Die Kläger tragen die Kosten des Verfahrens.
Tatbestand
Die Kläger sind zur Einkommensteuer zusammenveranlagte Eheleute. Der Kläger ist als Zahnarzt selbständig tätig; die Klägerin bezieht als Zahnarzthelferin Einkünfte aus nichtselbständiger Arbeit.

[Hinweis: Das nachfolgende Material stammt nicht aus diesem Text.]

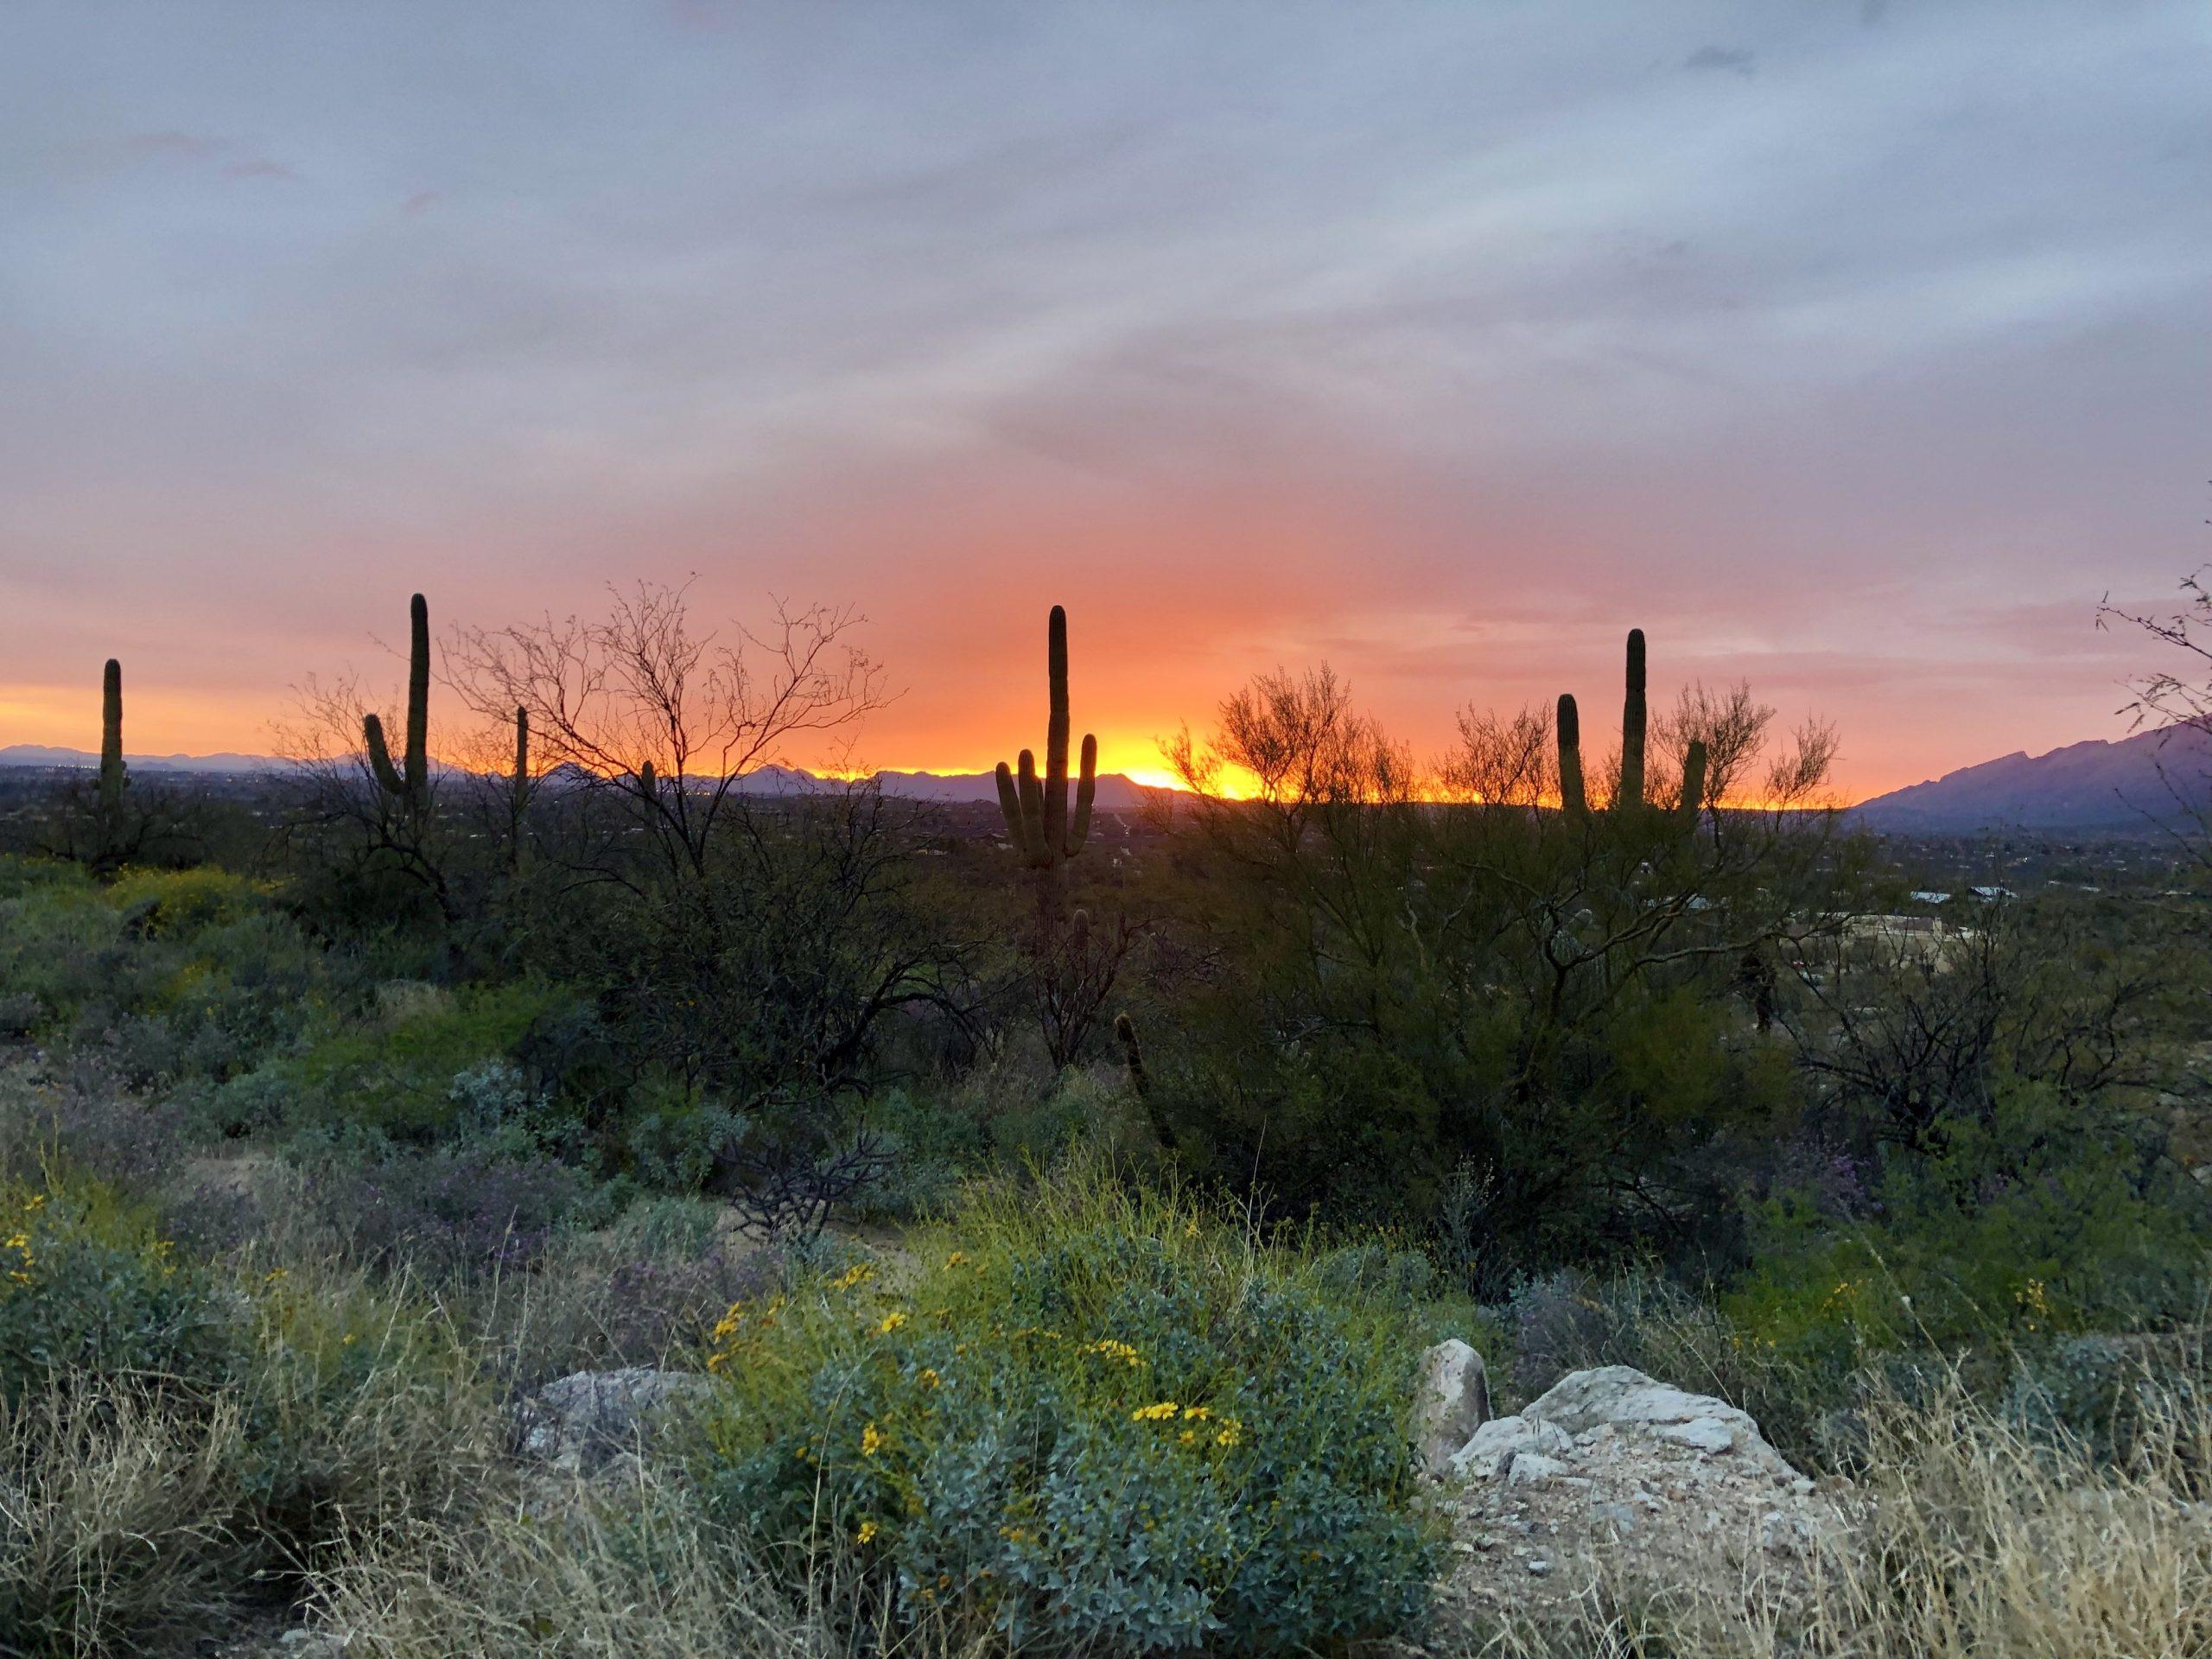 Palo Verde Ranch Lot 6.3 ac – $350,000

Mit notariellem Kaufvertrag vom 16. November 1988 erwarben die Kläger das Grundstück … in … zu je hälftigem Miteigentum. Auf dem Grundstück (501 qm) befindet sich ein 1927 errichtetes zweigeschossiges Gebäude mit ausgebautem Dachgeschoß, das insgesamt eine Wohnung enthält. Der Kaufpreis betrug 550.000,– DM, davon entfielen 175.000,– DM auf den Grund und Boden (Nebenkosten des Erwerbs 34.396,– DM; Anlage zur Einkommensteuererklärung 1989, Bl. 51 der Einkommensteuerakten 1989). Nutzen und Lasten gingen am 15. Januar 1989 auf die Erwerber über. Nach § 5 Abs. 2 des Kaufvertrags hatten die Käufer den Grundbesitz eingehend besichtigt und erwarben ihn in dem Zustand, in dem er sich bei Besitzübergang befand; der Verkäufer haftete nicht für Freiheit von offenen und verborgenen Sachmängeln. Das Grundstück war vermietet (Mieter Eheleute …); das Mietverhältnis wurde gegen Zahlung einer Ablösung von 7.500,– DM zum 01. April 1989 vorzeitig beendet. Ab 01. November 1989 nutzen die Kläger das Objekt zu eigenen Wohnzwecken.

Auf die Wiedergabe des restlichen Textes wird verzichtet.